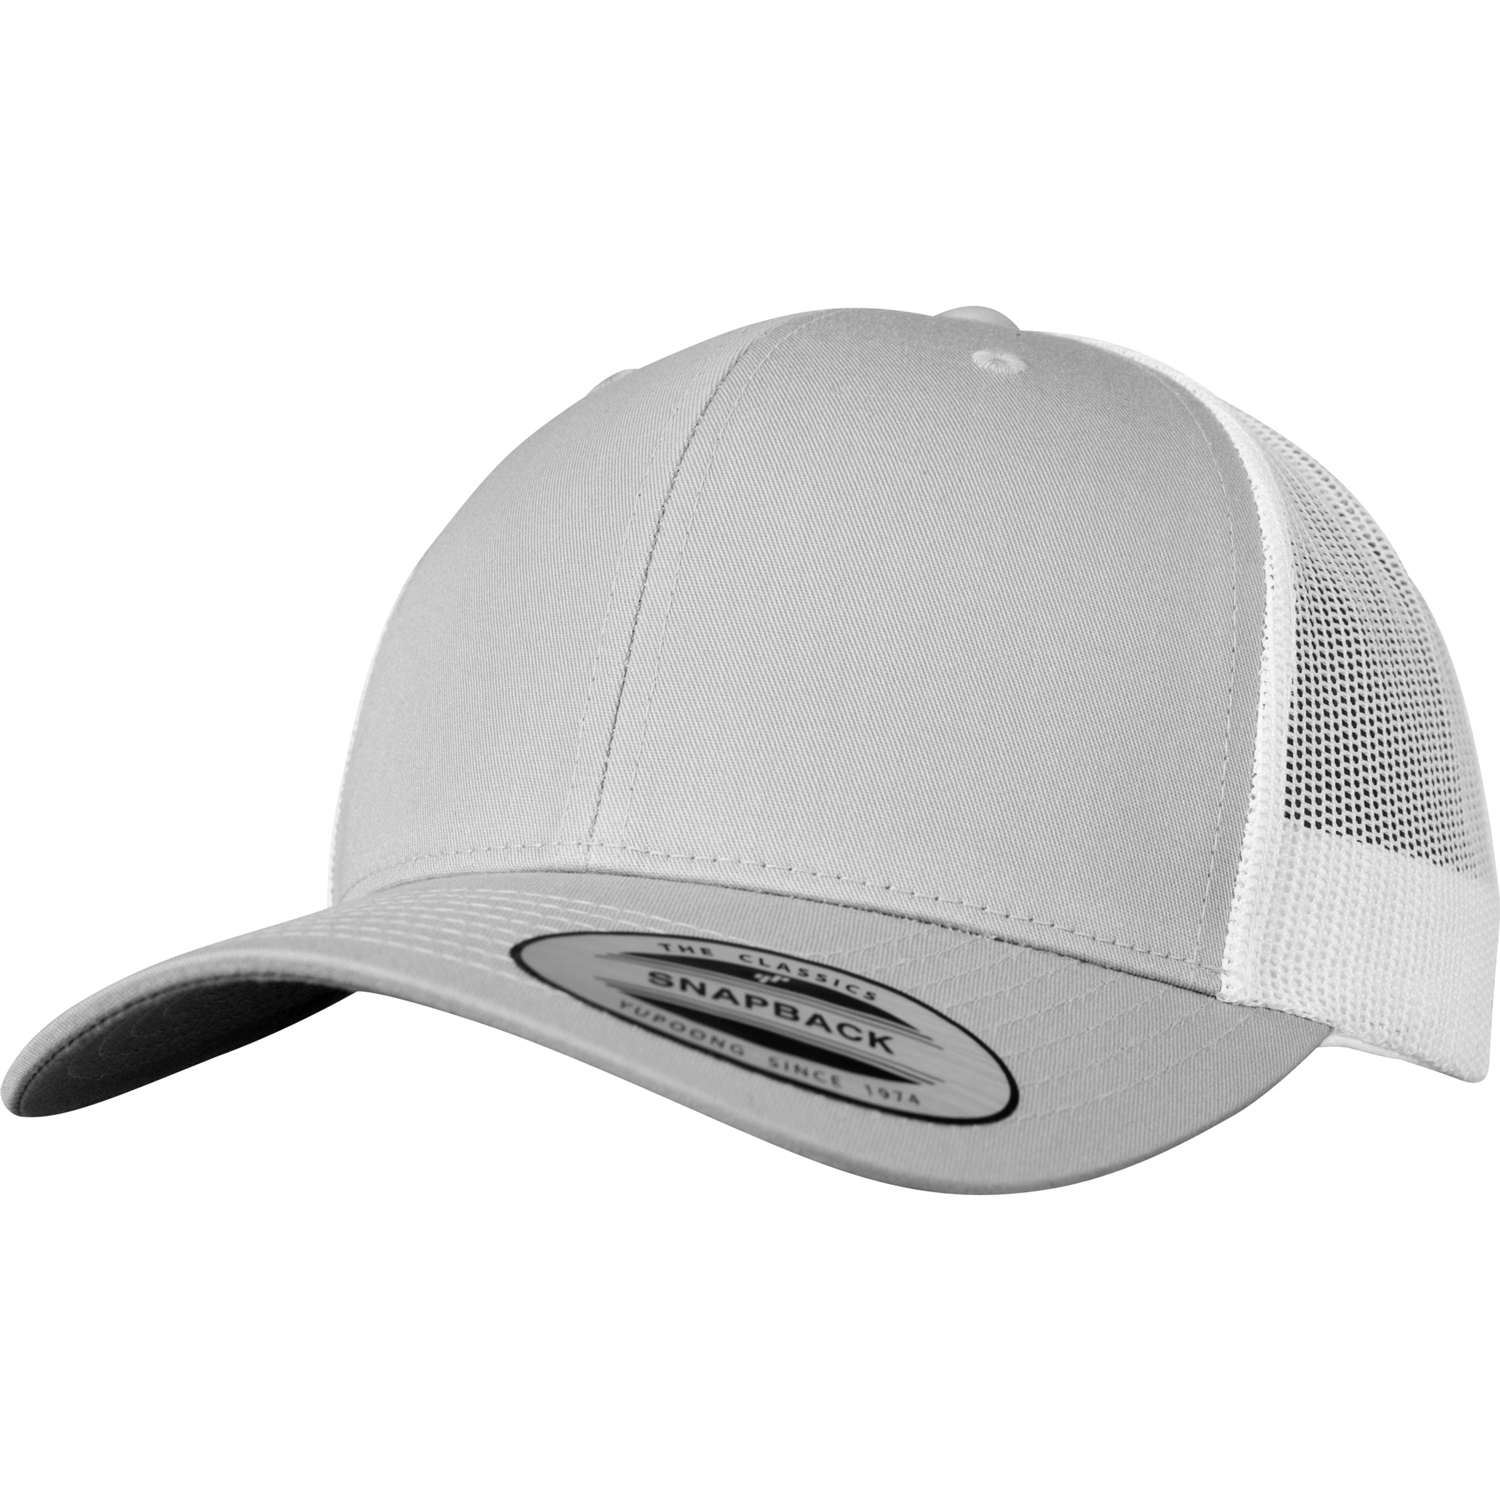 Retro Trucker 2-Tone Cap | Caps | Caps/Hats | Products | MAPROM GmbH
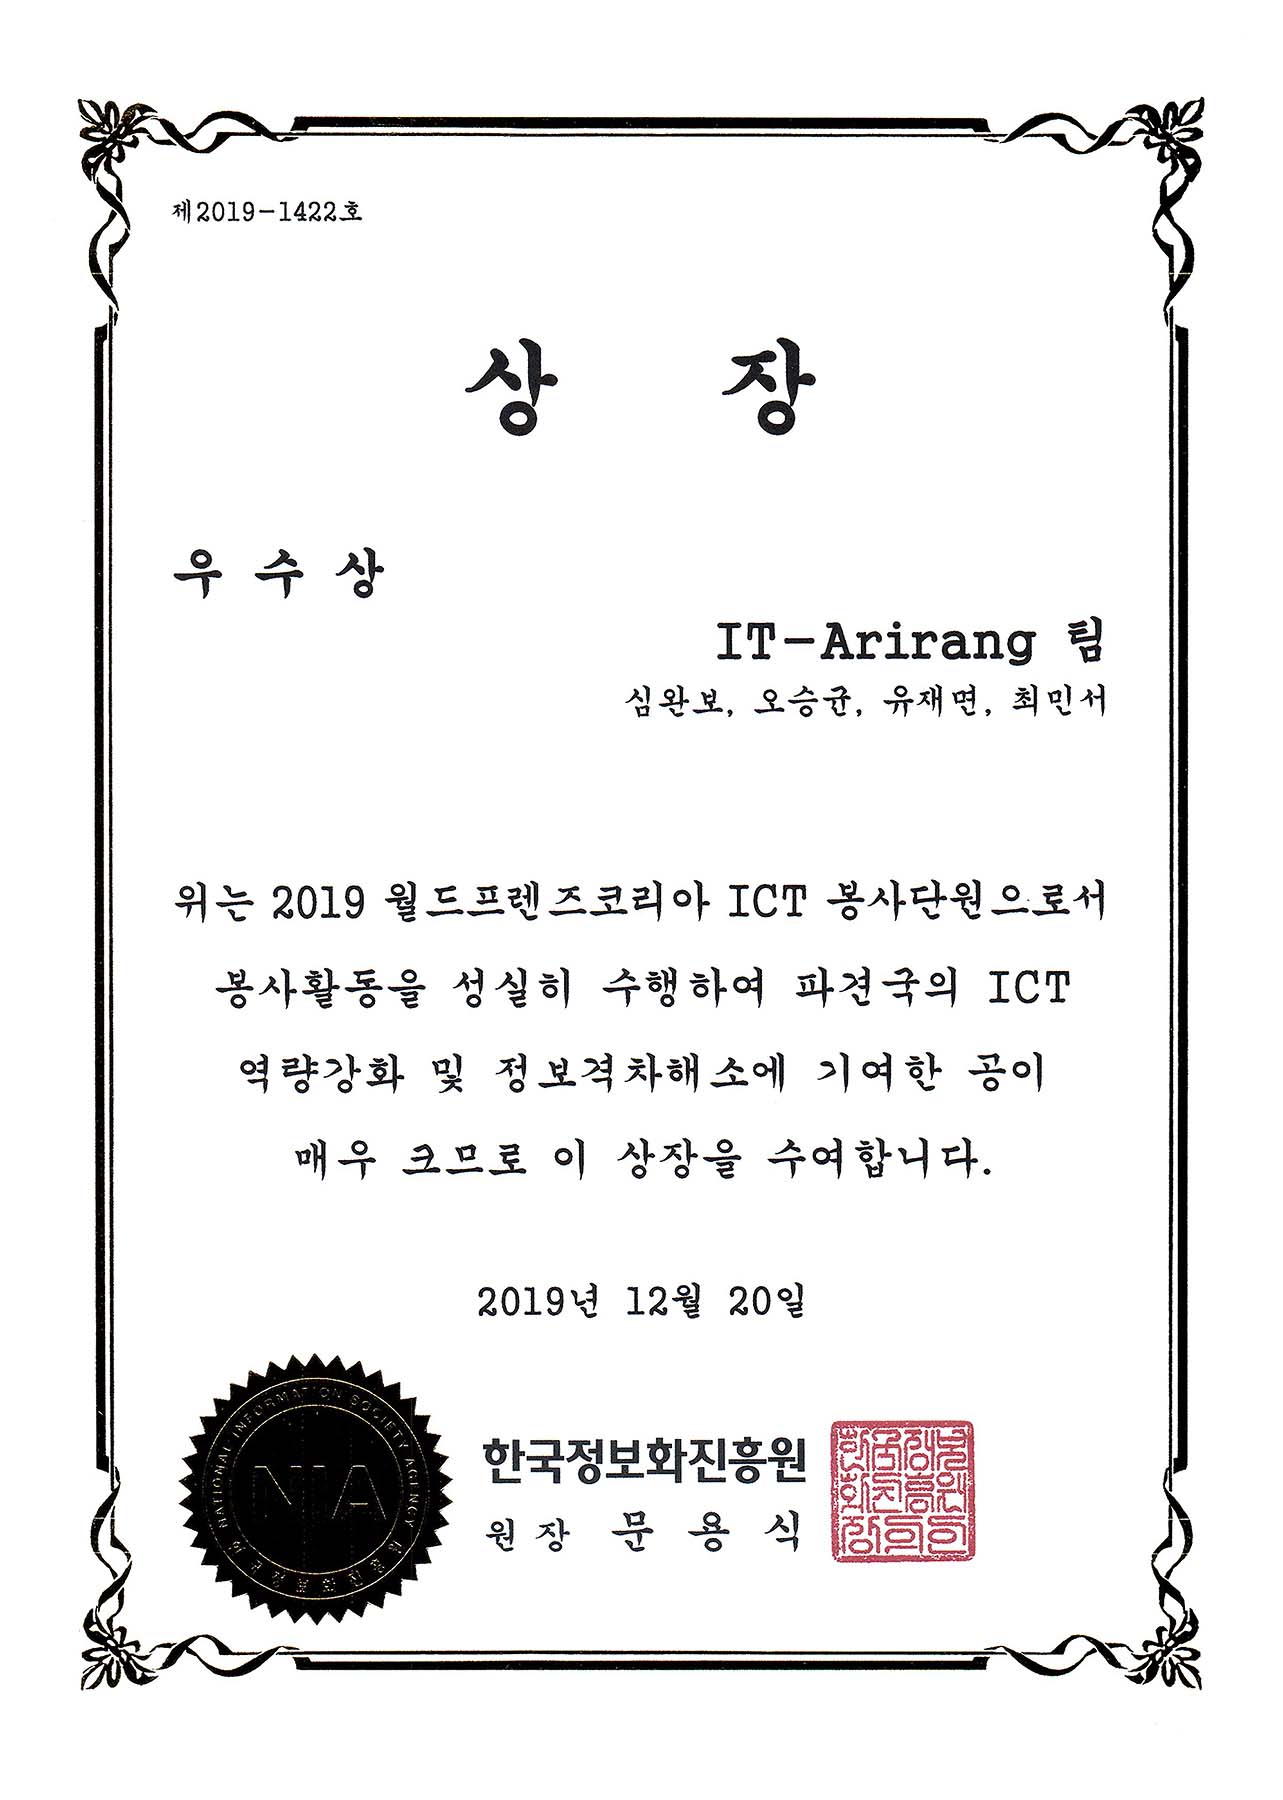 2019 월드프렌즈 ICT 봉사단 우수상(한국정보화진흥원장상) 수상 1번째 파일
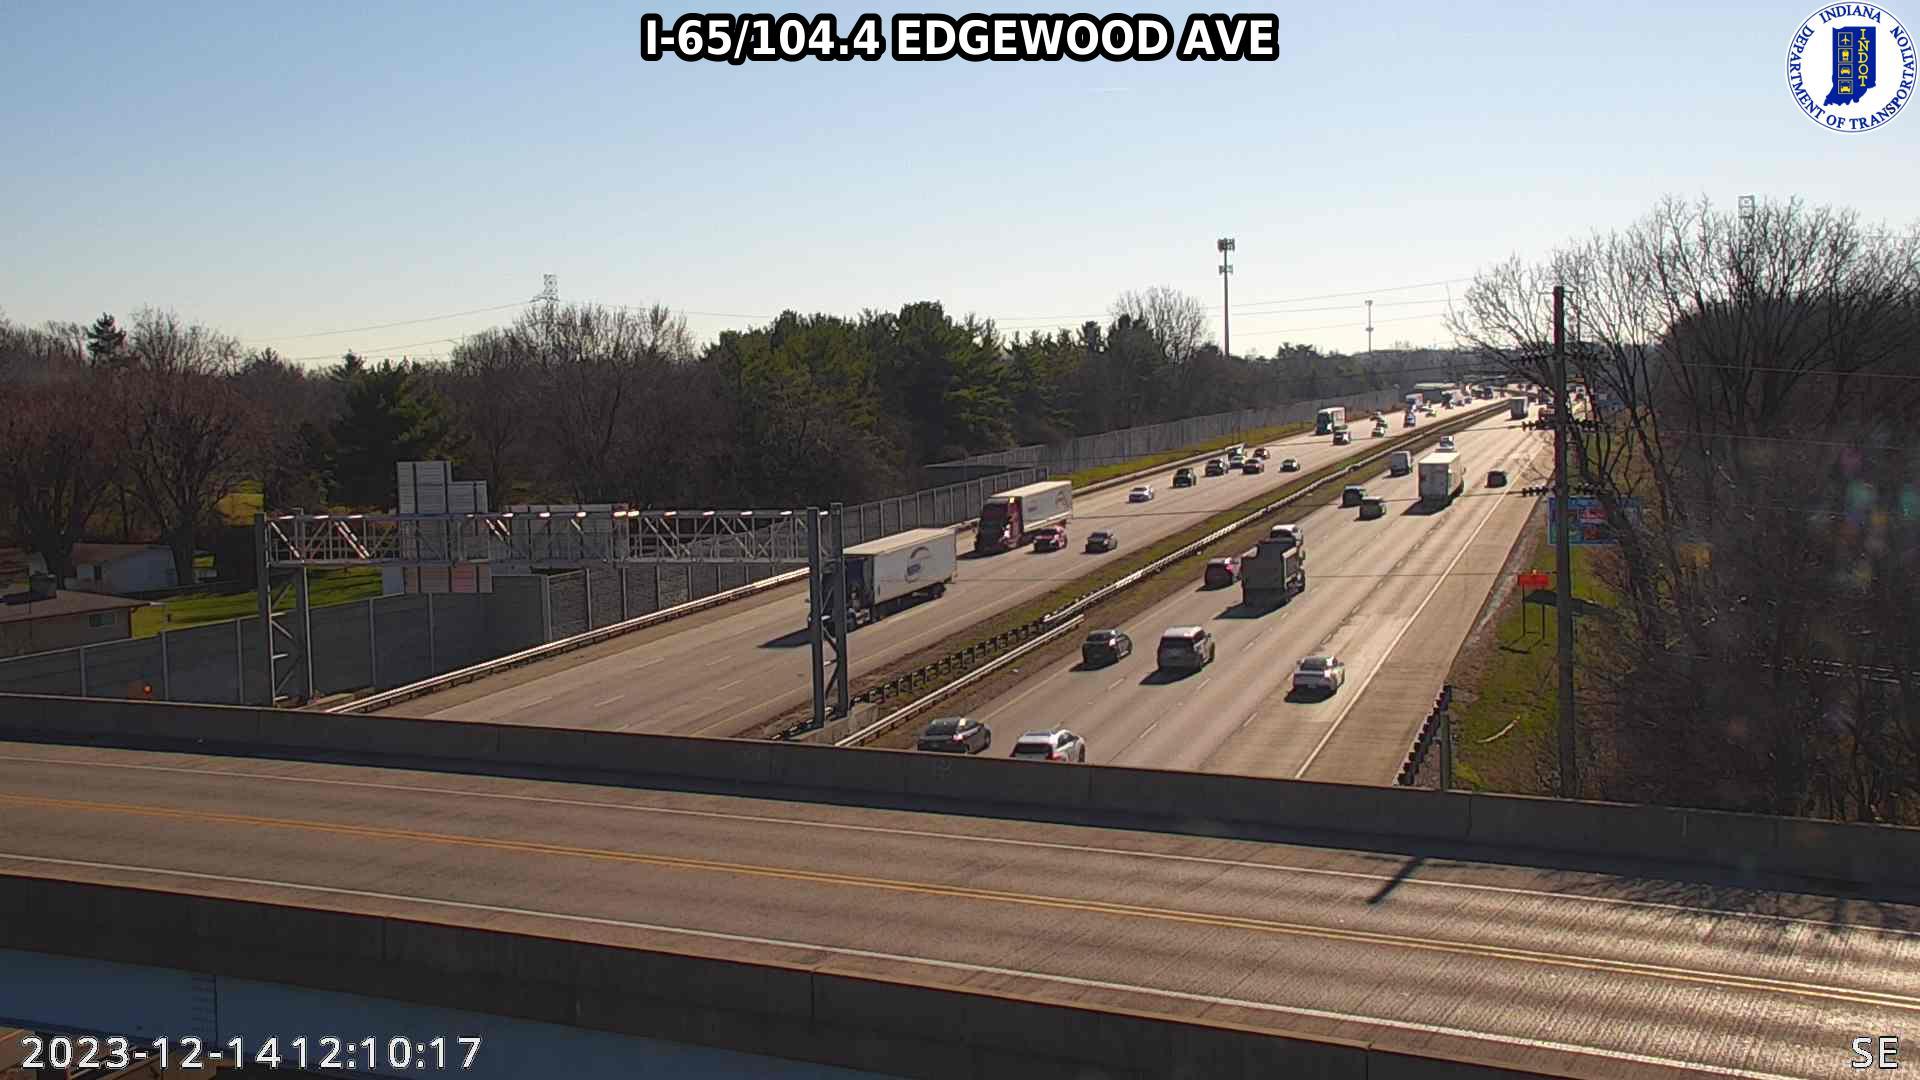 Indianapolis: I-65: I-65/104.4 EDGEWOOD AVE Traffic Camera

# # # # # # #

§ **What needs to be done**:
A faithful copy is needed of the lines from the one containing "2019 월드프렌즈 ICT 봉사단 우수상(한국정보화진흥원장상) 수상 1번째 파일" through the last line of the data above, with pictures left out.

§ **Finished exercise**:
 2019 월드프렌즈 ICT 봉사단 우수상(한국정보화진흥원장상) 수상 1번째 파일
 Indianapolis: I-65: I-65/104.4 EDGEWOOD AVE Traffic Camera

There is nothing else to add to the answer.